Note that all the DEPS get injected into self.m. This logic is handled outside of the object (i.e. not in __init__).

Because dependencies are injected after module initialization, you do not have access to injected modules in your APIs __init__ method!

And now, our refactored recipe:

# recipes/recipes/hello.py
from recipe_engine.post_process import StepCommandRE, DropExpectation

DEPS = [
    'hello',
    'recipe_engine/properties',
]

def RunSteps(api):
  api.hello.greet()

def GenTests(api):
  yield api.test(
      'basic',
      api.properties(target_of_admiration='Bob'),
      api.post_process(StepCommandRE, 'Greet Admired Individual',
                       ['echo', 'Hello Bob']),
      api.post_process(DropExpectation),
  )

  yield api.test(
      'vader',
      api.properties(target_of_admiration='DarthVader'),
      api.post_process(StepCommandRE, 'Greet Admired Individual',
                       ['echo', 'Die in a fire DarthVader!']),
      api.post_process(DropExpectation),
  )

If you were to run or train the tests without the --filter flag at this point, you would experience a failure due to missing coverage of the hello module. Before running any of the tests the following will appear in the output:

ERROR: The following modules lack test coverage: hello

And the coverage report will be as follows:

Name                                        Stmts   Miss  Cover   Missing
-------------------------------------------------------------------------
recipes/recipe_modules/hello/api.py            10      6    40%   6-7, 10-13
-------------------------------------------------------------------------
TOTAL                                       21147      6    99%

To get coverage for a module you need to put recipes with tests in the examples or tests subdirectory of the module. So let's move our hello recipe into the examples subdirectory of our module.

# recipes/recipe_modules/hello/examples/simple.py
from recipe_engine.post_process import StepCommandRE, DropExpectation

DEPS = [
    'hello',
    'recipe_engine/properties',
]

def RunSteps(api):
  api.hello.greet()

def GenTests(api):
  yield api.test(
      'basic',
      api.properties(target_of_admiration='Bob'),
      api.post_process(StepCommandRE, 'Greet Admired Individual',
                       ['echo', 'Hello Bob']),
      api.post_process(DropExpectation),
  )

  yield api.test(
      'vader',
      api.properties(target_of_admiration='DarthVader'),
      api.post_process(StepCommandRE, 'Greet Admired Individual',
                       ['echo', 'Die in a fire DarthVader!']),
      api.post_process(DropExpectation),
  )

Training the tests again now results in 100% coverage.

So how do I really write those tests?

The basic form of tests is:

def GenTests(api):
  yield api.test(
      'testname',
      # other stuff
  )

Some modules define interfaces for specifying necessary step data; these are injected into api from DEPS similarly to how it works for RunSteps.

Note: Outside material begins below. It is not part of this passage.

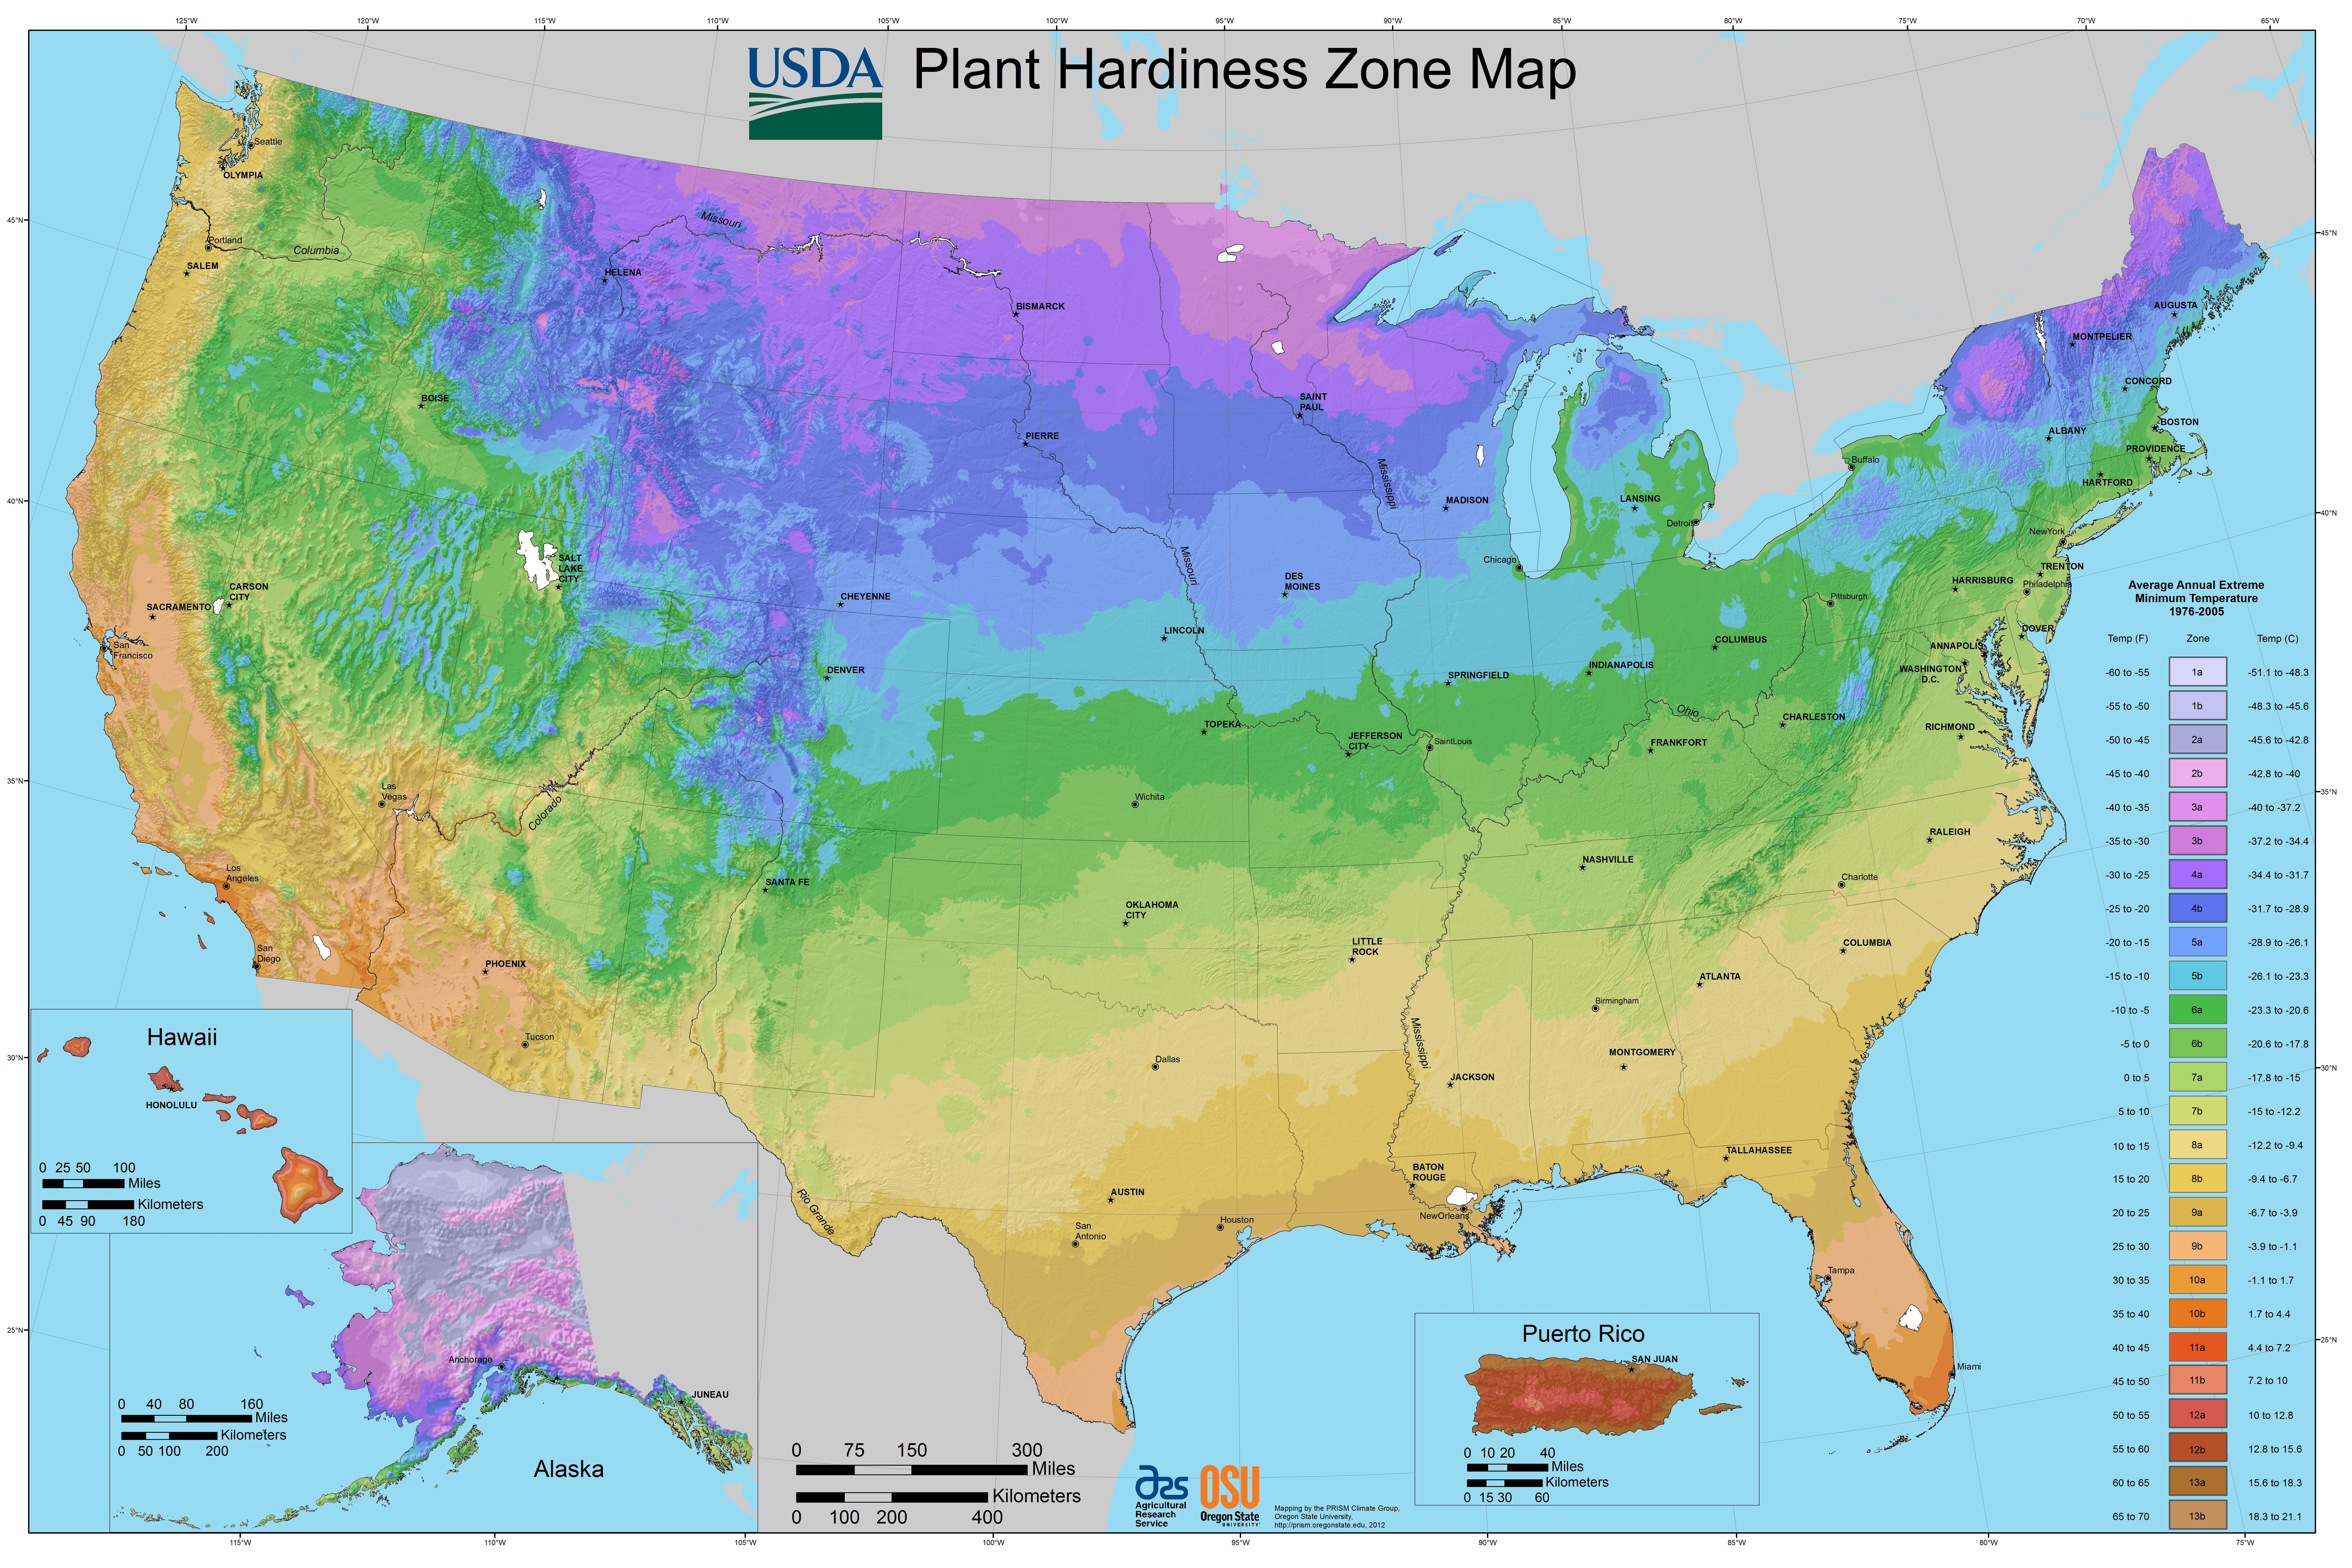 all-states-halfzones-poster-300dpi.jpg

There are a few other methods available to GenTests's api. Common ones include:

  • api.properties(buildername='foo_builder') sets properties as we have seen.
  • api.platform('linux', 32) sets the mock platform to 32-bit linux.
  • api.step_data('Hello World', retcode=1) mocks the 'Hello World' step to have failed with exit code 1.

By default all simulated steps succeed, the platform is 64-bit linux, and there are no properties. The api.properties.generic() method populates some common properties for Chromium recipes.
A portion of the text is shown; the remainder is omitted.